そんな後悔と共にハイドの命が潰える──はずだった。
「──ちょっと待った」
それを制止する声が響いた。ローウェルだ。ダンゾウが訝しむような目でローウェルを睨みつける。
「……なんだ?」
「そのまま殺すのは、勿体無いなぁ。どうせなら、面白い事に使おうよ」
ローウェルの紅い瞳が怪しく光る。それを聞いたダンゾウが「面倒な……」とため息を漏らした。

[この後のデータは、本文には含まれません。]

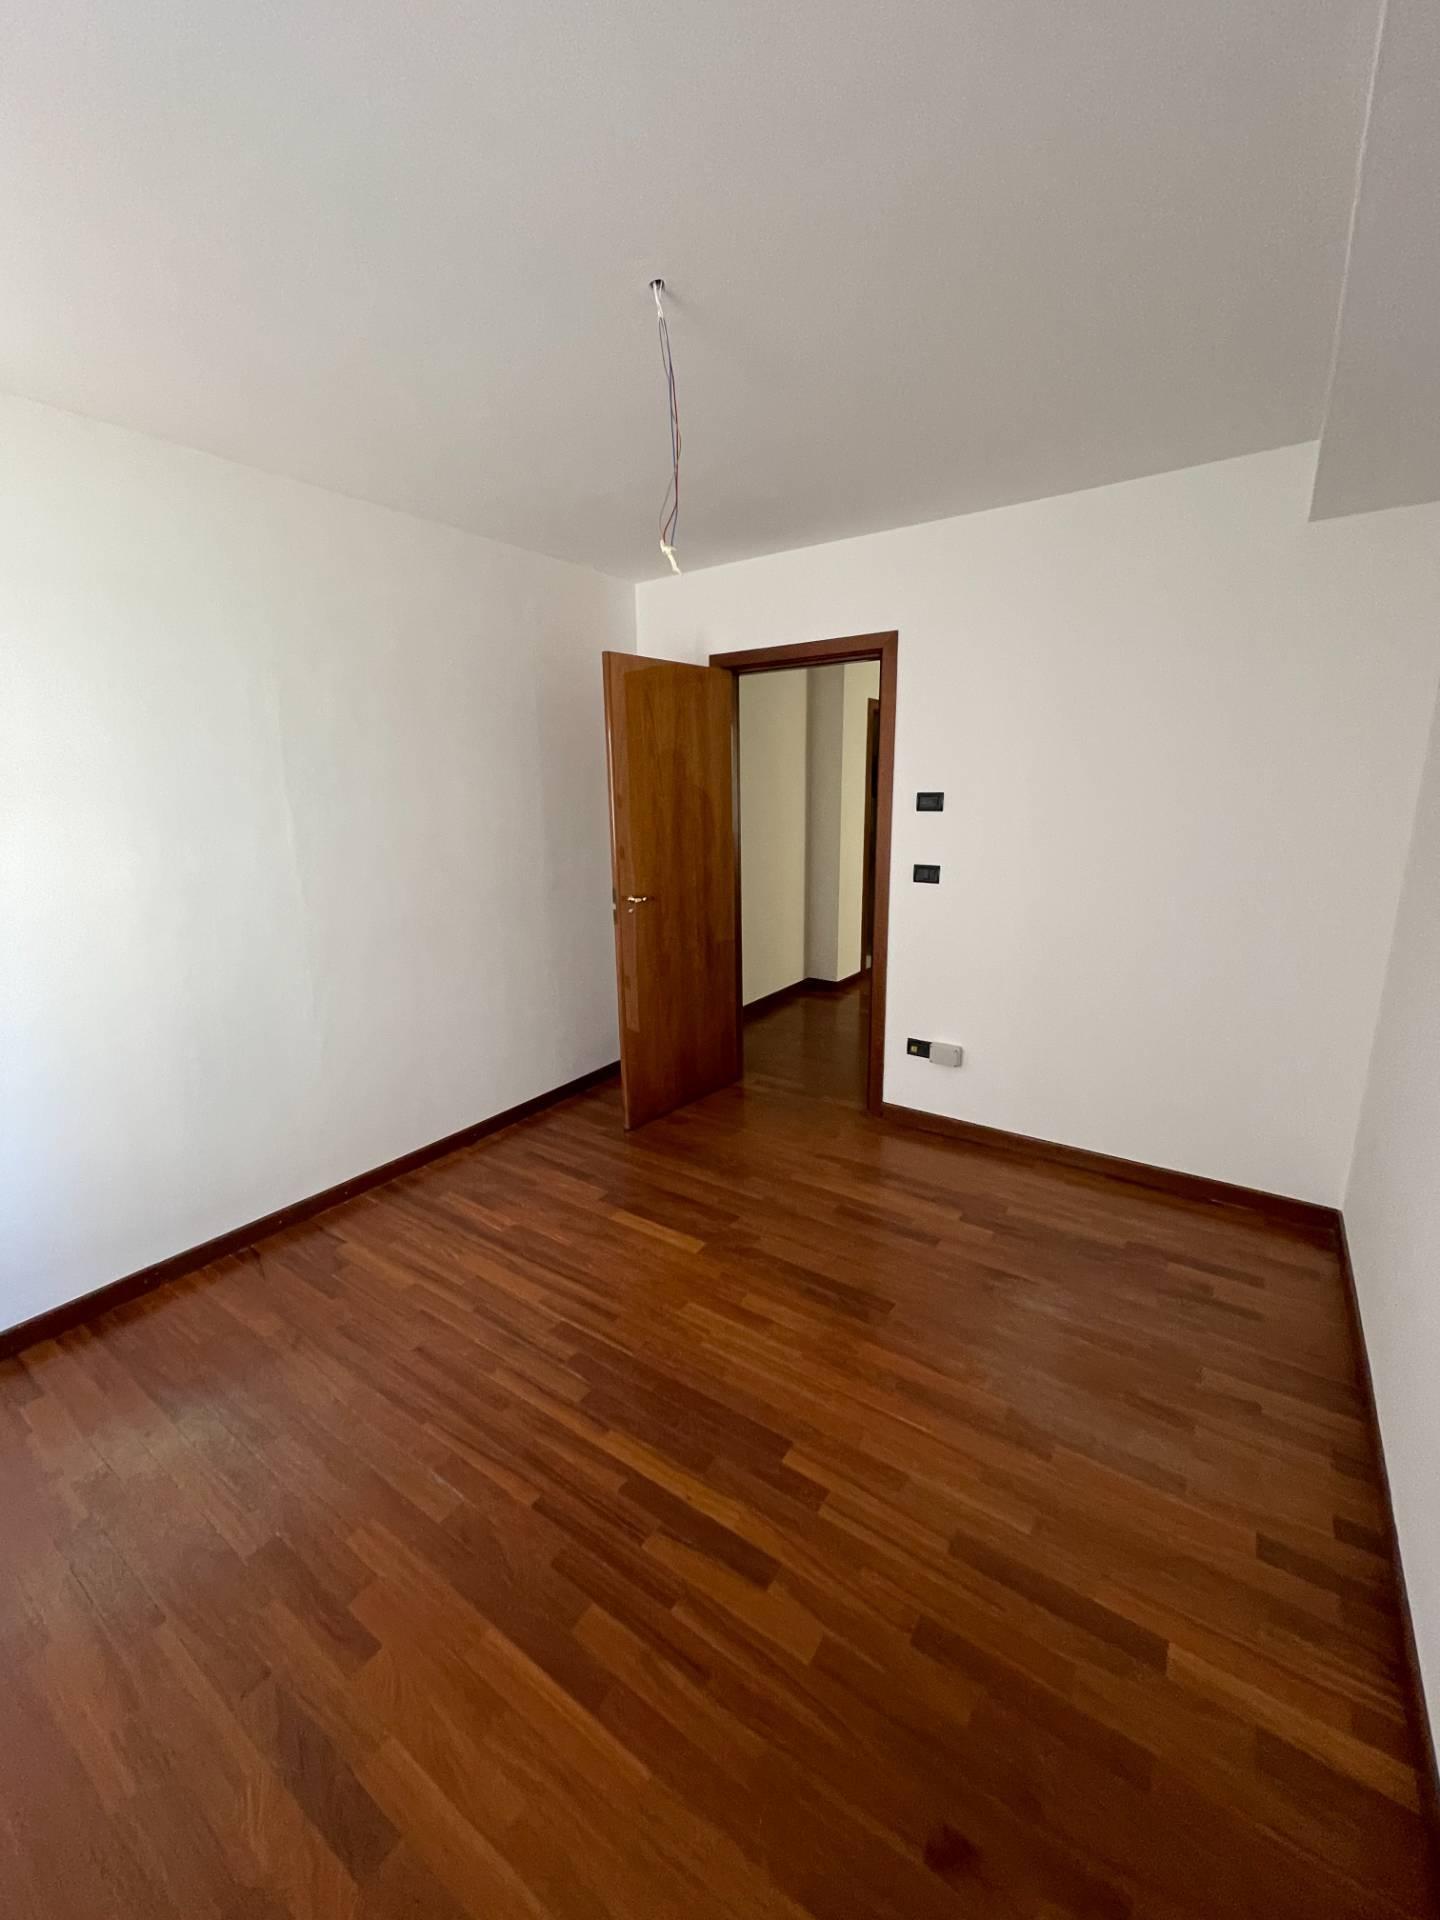 Ufficio / Studio in vendita a Merano, 9999 locali, prezzo € 100.000 | CambioCasa.it
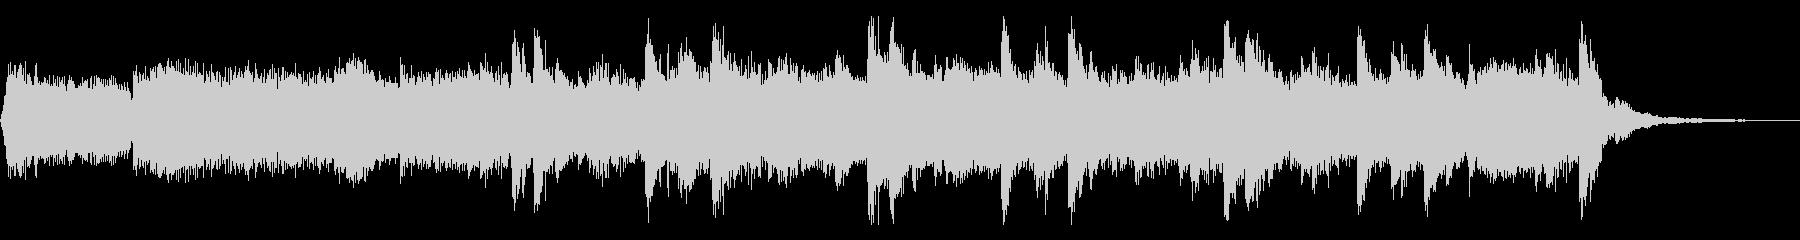 メローなエレクトロニカの未再生の波形

「状況を掻き乱すのは貴様の悪い癖だな、ローウェル・カーペンター。いつか足元をすくわれるぞ?」
「ふふ、むしろ望むところさ。僕達に目的はない。過程が望むものであれば、それでいいでしょ?」
「……そうだったな」
ここで自分を殺すのはやめたらしい。ダンゾウが加えた力を解く。しかし、その拘束から逃れる事は出来なかった。どういうわけか、床に張り付けられたように体が固まって動かない。
「……っ。お主は何者でござるか……っ?」
ハイドは苦し紛れに、そう問いかける。ずっと疑問に思っていた事だ。この男は『鴉羽』の暗殺者で間違いない。しかし、今まで出逢ってきた『鴉羽』の暗殺者たちとは一線を画する存在だ。それに、妙に既知であるかのような口ぶりが気になった。ハイドはこのダンゾウとかいう男のことなど、全く知らないのに。
「────なに?」
ダンゾウが、目を瞬かせた。何かを探るようにハイドの頭に手を回す。
「……なるほど。記憶を失っているのか」
ハイドの後頭部にある長い傷跡を撫でるように触れ、息を漏らす。
何故そんなことが言えるのか、よく分からなかった。
「ふーん、なるほどなぁ……ねぇ、ダンゾウくん。この子、こっちの駒にできないかなぁ?」
その様子を面白そうに眺めていたローウェルがそう提案する。
それを聞いたダンゾウが一瞬だけハイドを値踏みするように目を細め、答えた。
「──できる」
「お、マジで? じゃあこの子に裏切らせようよ」
こいつらは何を言っているのか、とハイドは吐き捨てるように口を開いた。
「裏切る……? はっ、ありえないでござるよ。拙者がなんで悪党なんかの味方をしなくちゃ──っ!?」
ギリギリと首を締め上げられる。気絶しそうでしない、絶妙な力加減でそれは行われた。
「味方だと? それは人の場合の話だ。我らは殺人兵器。ただの人斬り包丁。それすらも忘れたのか、貴様は」
呆れたようにため息を吐くダンゾウ。「まぁ、いい」と首を締め上げる力を緩めた。
「げっほ、がっほ……っ!!」
解放されて酸素を求めるように息をする。未だに体が思うように動かない。
そんなハイドの様子を心底落胆したようにダンゾウは見下ろした。
「そんな貴様でも我らが雇用主は使いたがるのでな。そのなまくらを研いでやる」
その言葉から示し合わせたように現れた『鴉羽』の暗殺者たちに取り囲まれ、拘束される。
「な、何をする気でござるか……っ?」
「ただの調教だ。貴様には一度施してある。10分もあればもう一度体が思い出すであろうよ」
淡々とそう告げて、ダンゾウは上げた手を振り下ろした。